Hojicha, on the other hand, is made by roasting sencha or bancha at high temperatures. This reduces caffeine and catechin levels, softens astringency, and adds a roasted flavor. Since hojicha is prepared as a brewed tea, the amount of components consumed is considerably lower than that of matcha.
Choosing Based on the Situation
Matcha, used in traditional tea ceremonies, is rich in caffeine and is ideal when you want to boost concentration. Its intense flavor makes it perfect for moments when you want to savor a drink slowly.
Hojicha, with its refreshing taste and roasted aroma, is popular for everyday relaxing moments or after meals. Its lower caffeine content makes it suitable for a wide variety of situations.
How to Brew and Enjoy Hojicha
Hojicha’s roasted aroma and gentle flavor make it enjoyable in a variety of ways.
How to Brew Hojicha
To bring out hojicha’s full roasted aroma, use hot water around 90–100°C.
Place tea leaves in a teapot, pour in hot water, and steep for 30 seconds to 1 minute to brew a fragrant cup. A standard amount is about 2–4g of tea leaves per person. Adjust according to the tea type and your preference.

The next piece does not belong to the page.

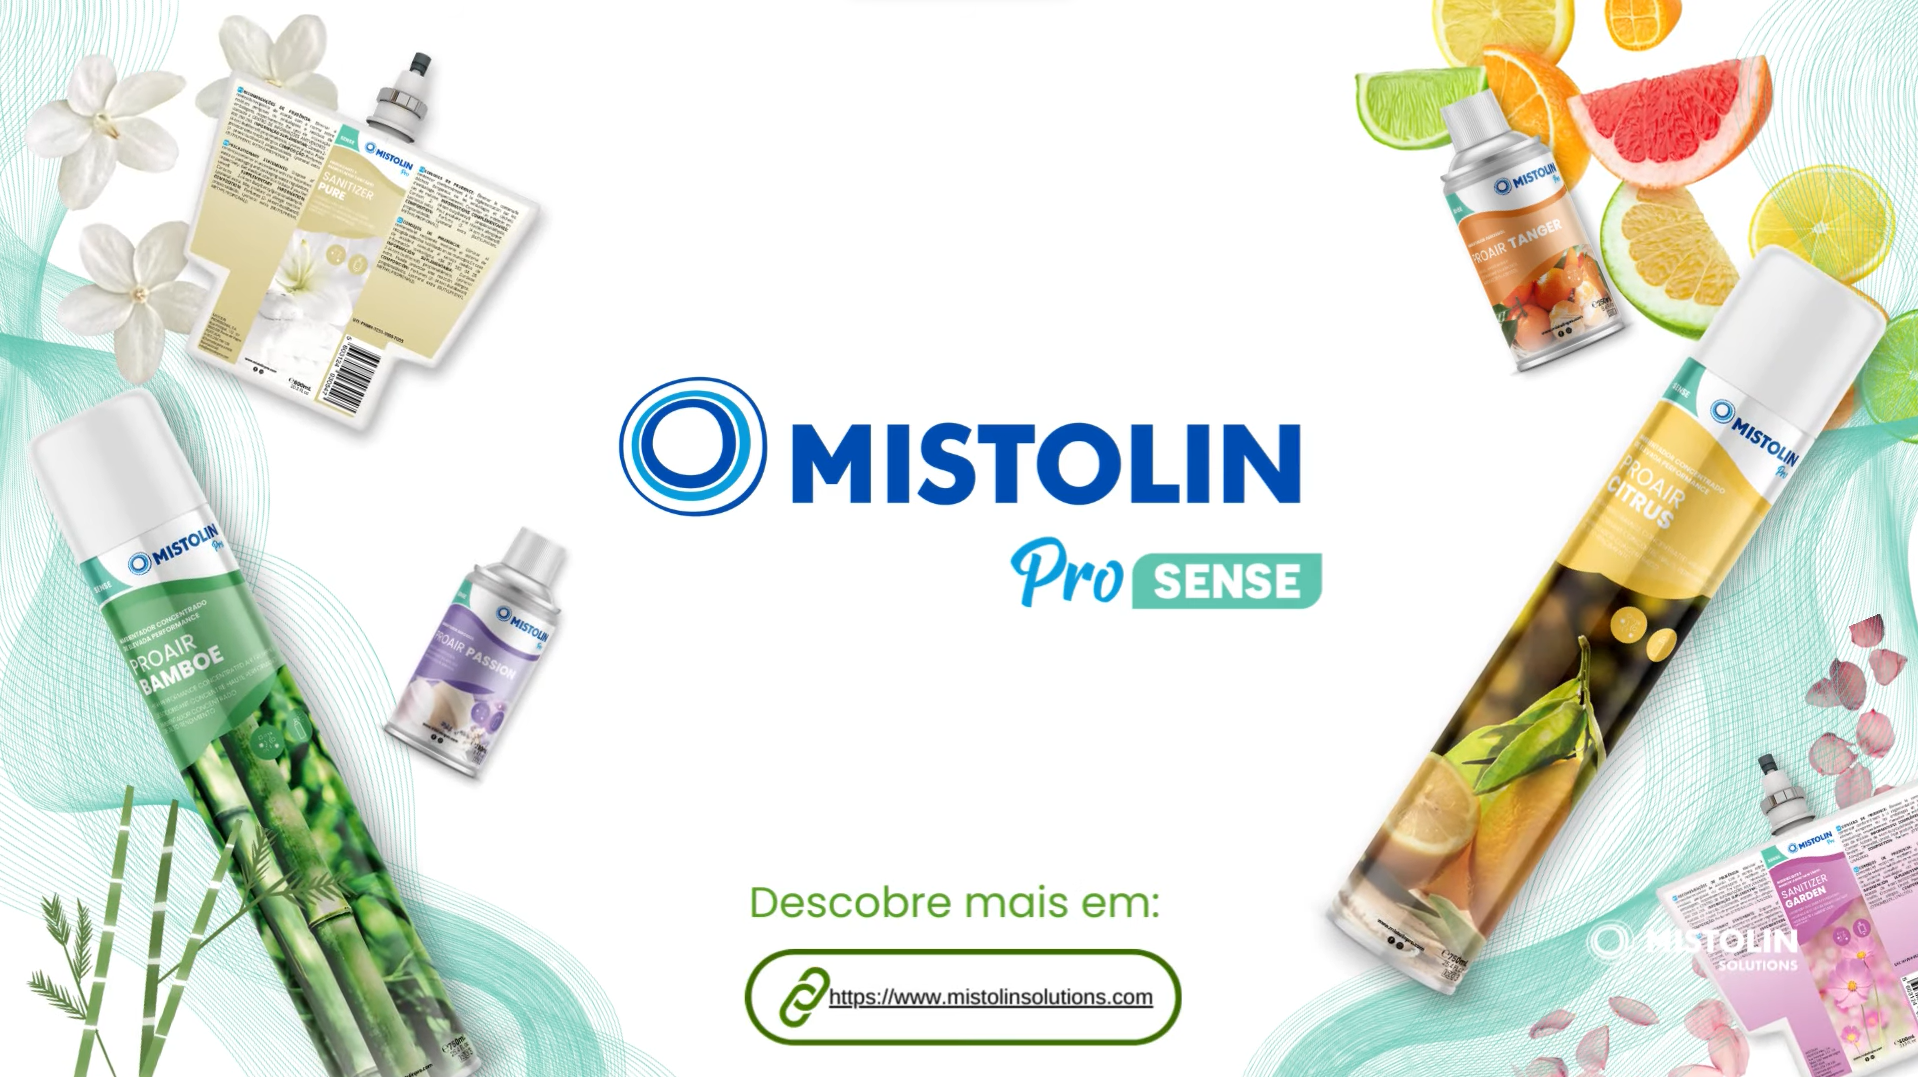 Carregar vídeo: Mistolin Pro Sense - apresentação da gama
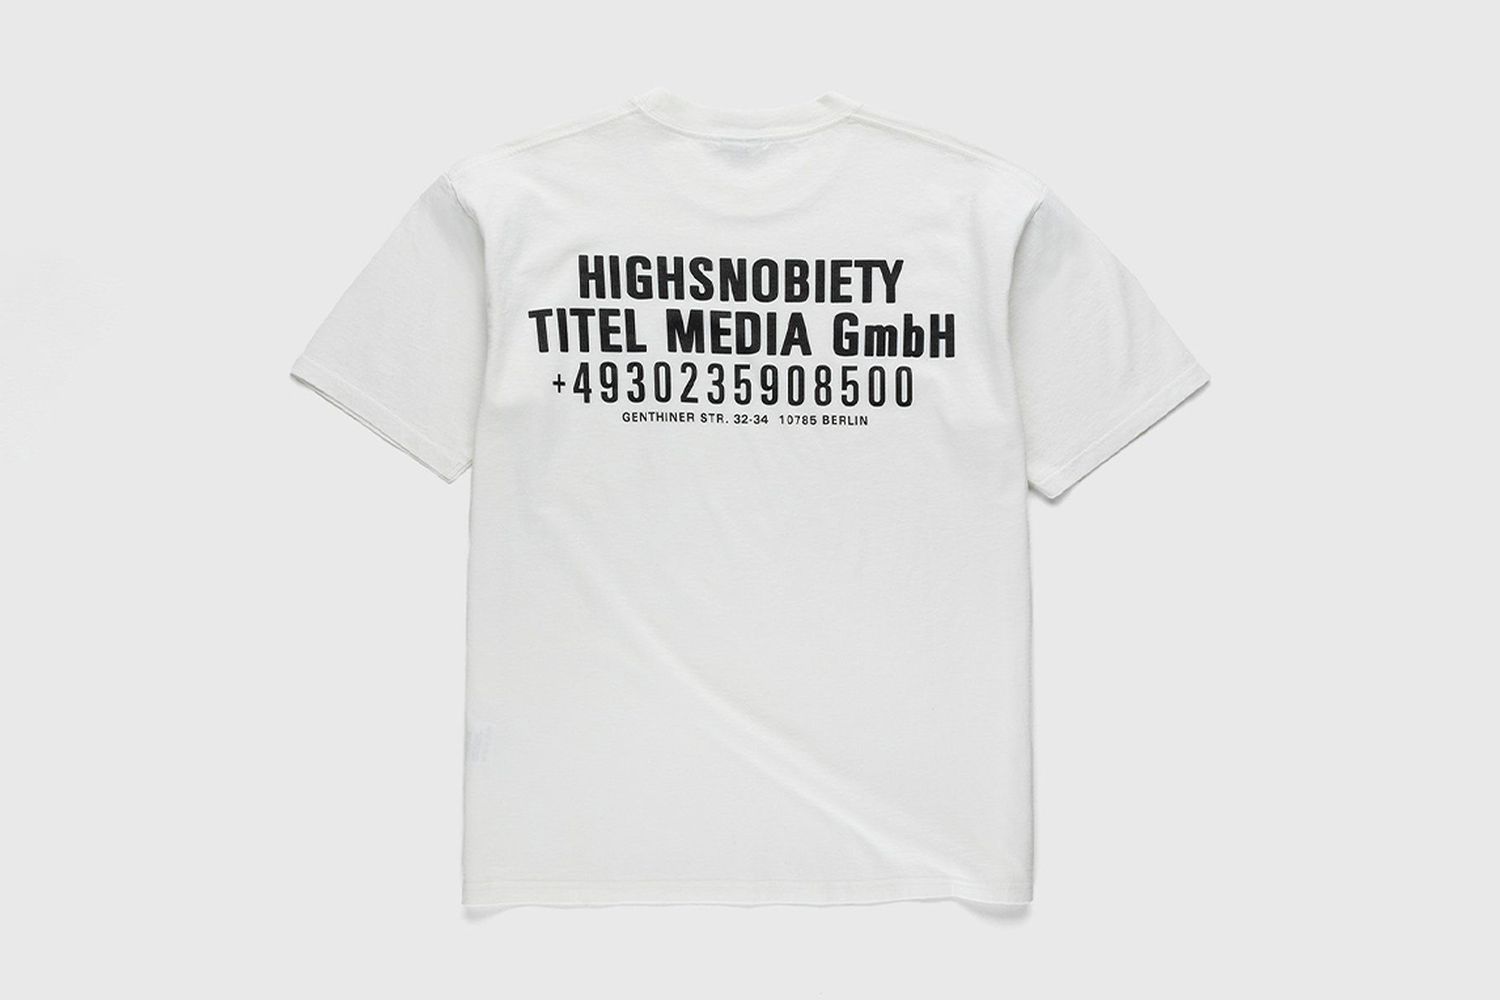 Titel Media GmbH T-Shirt

For cold brewing, use 10–20g of tea leaves in 500ml of cold water and leave it in the refrigerator for about 3 hours. You can enjoy a refreshing iced hojicha. One of the appeals of hojicha is that it can be brewed hot or cold to suit different occasions.
As Hojicha Latte
Adding milk to hojicha creates a hojicha latte, now a popular item on many café menus. The roasted aroma pairs well with the milk’s creaminess, making it enjoyable like a dessert. It also goes well with plant-based milks such as almond or oat milk, making it a favorite among vegans as well.
Used in Sweets and Cooking
Powdered hojicha is used in a variety of sweets such as cakes, cookies, puddings, and ice cream. Its roasted aroma balances sweetness, resulting in a rich, layered flavor. Recently, new variations like hojicha smoothies and hojicha affogato have also appeared, further expanding the possibilities for enjoyment.
Conclusion
Hojicha is a traditional Japanese tea known for its smooth mouthfeel and rich, roasted aroma. It has a distinct character from matcha or sencha and can be enjoyed not only as straight tea but also in lattes and sweets.
The flavor and aroma vary depending on the type of tea leaves and the roasting degree, giving hojicha its remarkable variety of expressions. With its relatively low caffeine content and soothing aroma, hojicha is enjoyed by many people as a daily tea.
By discovering the deep appeal of hojicha, your daily cup of tea may feel even more special. Enjoy hojicha in your own personal style.